Furthermore, we found that overdrive pacing was effective in suppressing the electrical storm in a relatively short time. The same case was reported by Satoshi et al. [7]. Similarly, we started overdriving pacing as an adjunct to antiarrhythmic drug therapy; it is unclear whether the malignant arrhythmia was prevented only by the overdriving pacing.
During continuous ECG monitoring, however, we found that incessant VT/VF triggered by Monomorphic Ventricular Premature Beats (VPBs). Recently, radiofrequency ablation of the VPBs triggering incessant VT/VF after AMI is another therapeutic possibility and could prevent drug-resistant electrical storm [8]. This assumes a limited number of different premature beats. Hence, in our case, radiofrequency ablation could be proposed if the patient comes back with a new electrical storm.

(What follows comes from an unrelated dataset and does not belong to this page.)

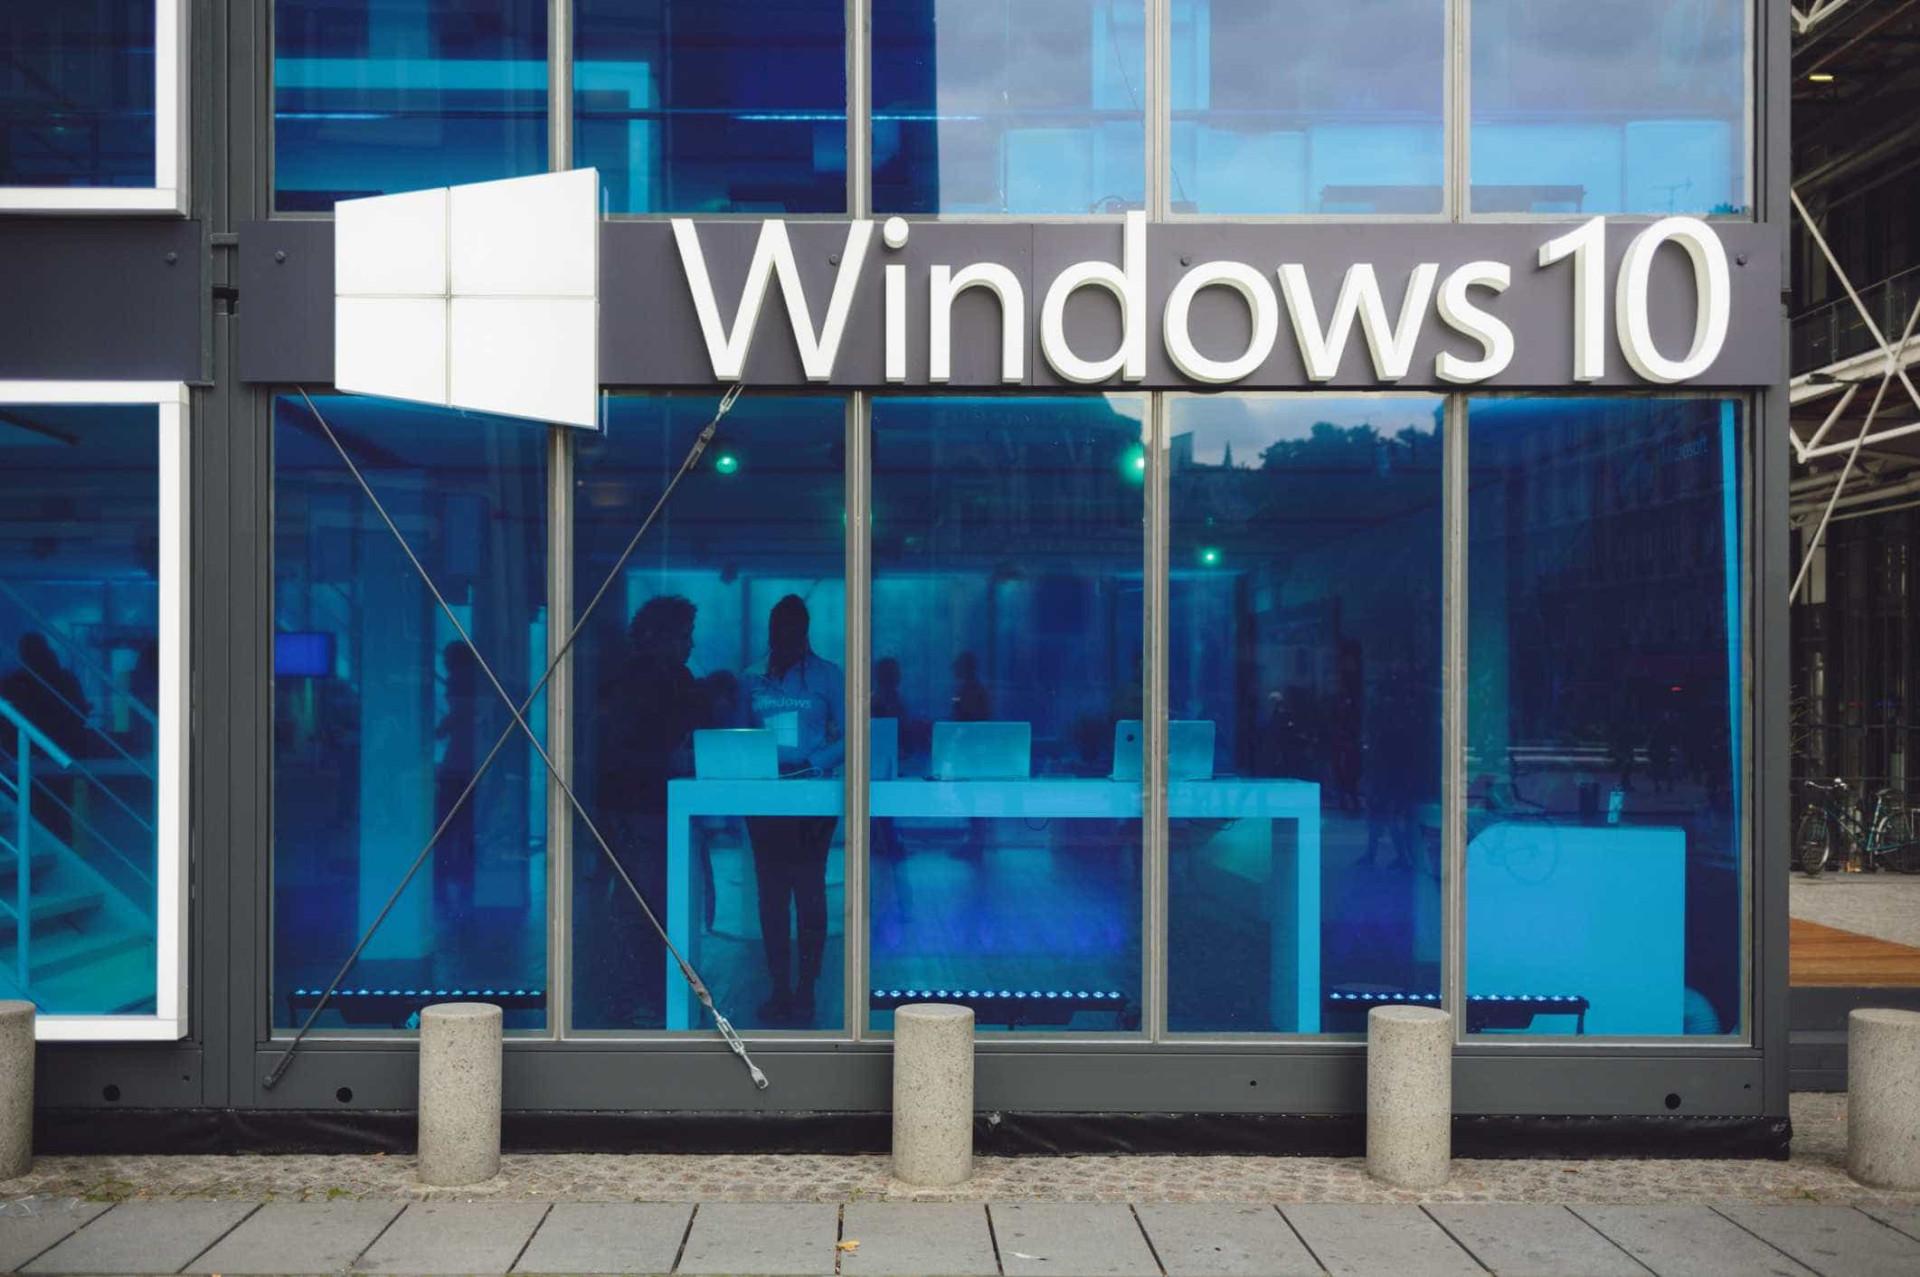 Os factos e as curiosidades mais impressionantes sobre a Microsoft

In the present patient, once the electrical storm had passed, the malignant arrhythmia did not recur even without antiarrhythmic drug therapy, which suggests that an electrical storm during the early phase of AMI is not always associated with an increased risk of long-term mortality. If VT/VF is documented in the future, invasive electrophysiological testing should be considered for risk stratification.
In conclusion, we present this case to demonstrate the importance of recognizing sympathetically-mediated VT/VF in AMI. If the patient appears with arrhythmia early after PCI, (Figure 2) use of β-blockers or overdrive pacing early would be beneficial to prevent electrical storm and cardiac death postPCI.